Language barriers meant he could only make a living through manual work or caring for the sick and elderly.
But in the late 1970s, China’s reform and opening up became the talk of the world and aroused feelings of nostalgia.
From the moment he and his wife got off the plane, change was obvious.
Before he left Tibet, he was regarded as superior. People had bowed down before him when he was the Lama of Drepung Monastery.
Meeting him at the airport, followers, friends and family shook his hands and hugged him.
“No individual should be considered superior to another,” he said. Life abroad taught him that all people are created equal. That the idea of equality was now ingrained in the hearts of the people of his homeland came as both a shock and a joy.
Tibetan women and men sat together in the tea houses of Lhasa. In his day, only men had the right to visit tea houses.
In 1994 it seemed, women even owned tea houses, let alone frequented them.
“It was then that I knew I made the right decision,” he said.
Lhasa’s railway station has become his favorite place after the Qinghai-Tibet Railway opened in 2006, linking Tibet with the rest of the country for the first time.
Zigme Cedain, 32, returned to Tibet from India with his parents in 1984. He owns a clothing shop in Lhasa and knows how the easy land connections to the “roof of the world” benefit Tibetans.
A railway connecting Lhasa with Xigaze went into operation last year. “It halved my transport time to the Nepal and India borders,” he said.
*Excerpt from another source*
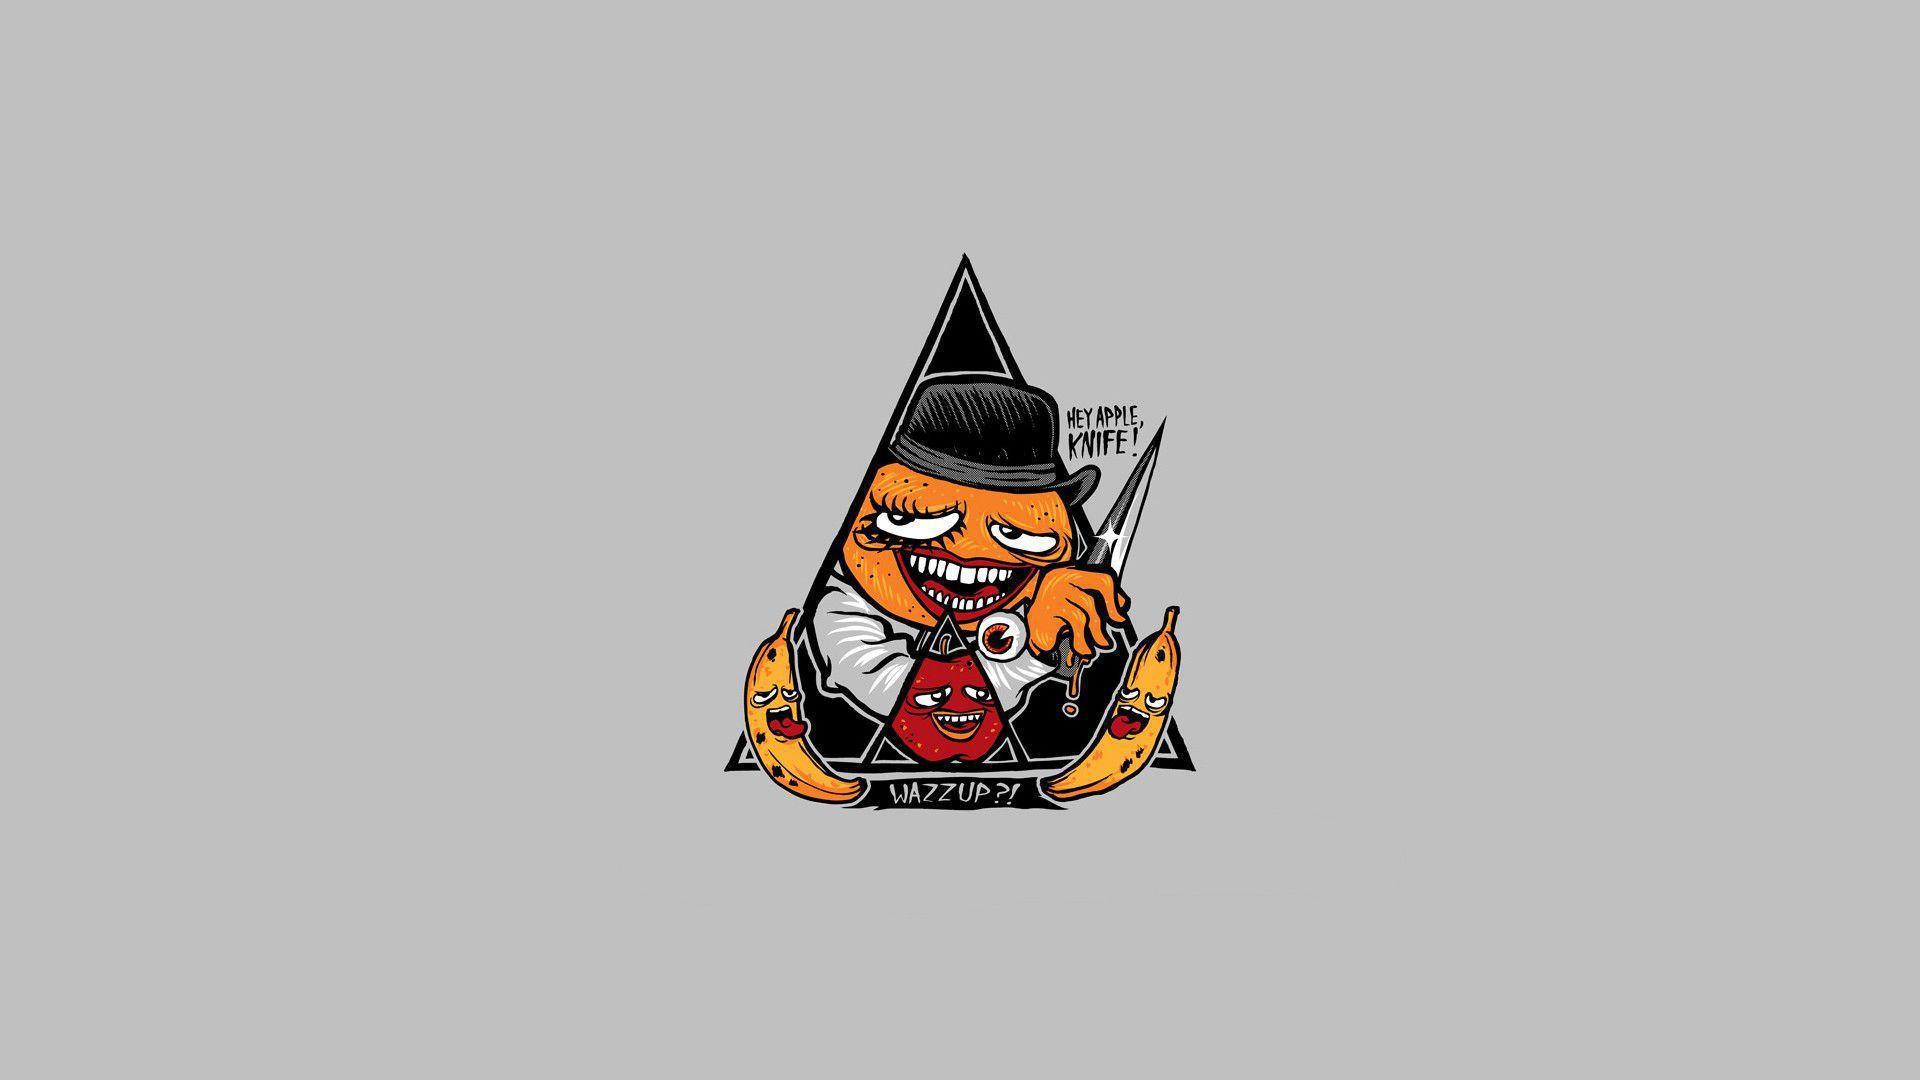 A Clockwork Orange Pictures

These are but a few of the changes in Tibet after 50 years of autonomy. Last year, per capital disposable income for rural residents in Tibet hit 7,359 yuan (US$1,200), with double-digit growth for 12 consecutive years. Average life expectancy has jumped from 35.5 years to 68 over the past 50 years, while the infant mortality rate has dropped from a staggering 430 deaths per 1,000 live births to a mere 12.
There are around 200,000 overseas Tibetans in more than 40 countries and regions including India, Nepal, the US and Switzerland. More and more of them are applying to come home.
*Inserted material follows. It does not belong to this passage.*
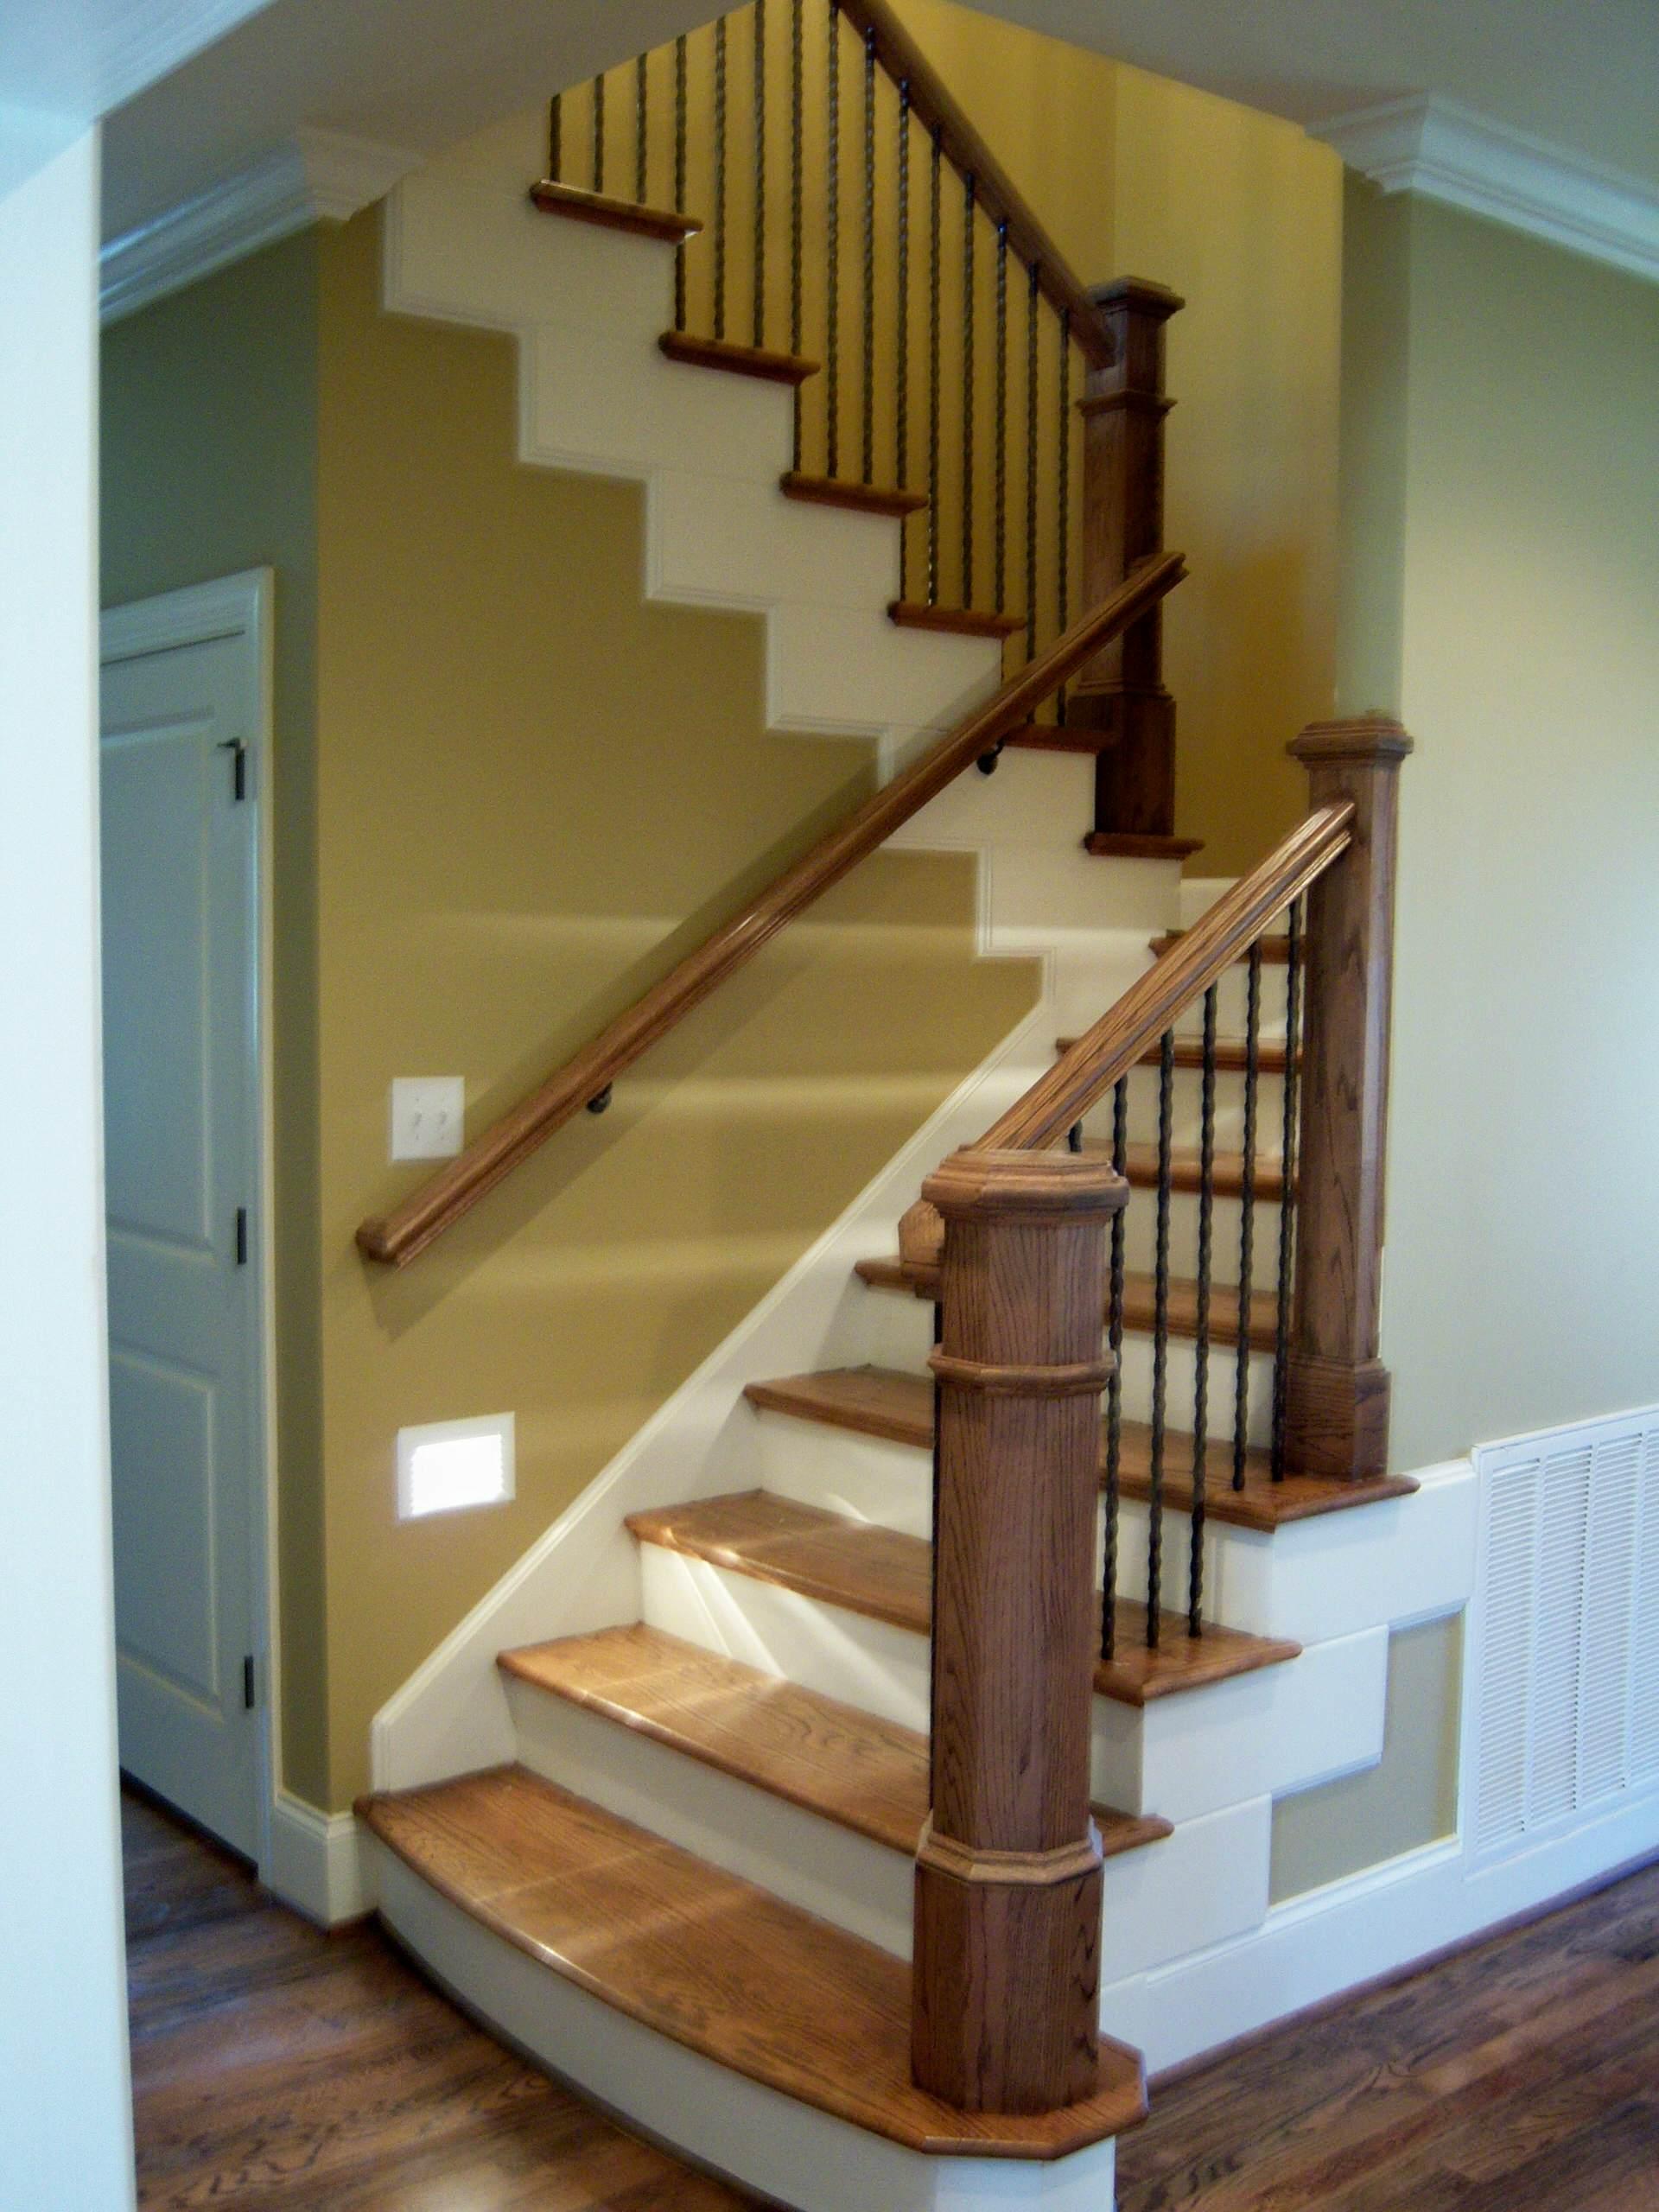 8x8 Tight Staircase

Yeshe Palden takes his daily prayer walk around the Potala Palace or Jokhang Monastery for four or five hours each morning, turning his prayer wheel, counting his beads and chanting. If he is tired, he rests on roadside benches and shares his home-made pancakes with the pigeons.
Nowadays, he cares more about issues like the environment and protecting his culture.
As in other parts of China, changes and modernization bring benefits as well as new problems. Tibet is no exception.
“I hope more returnees will visit the real Tibet. If changes are positive, there is no need to worry,” he said.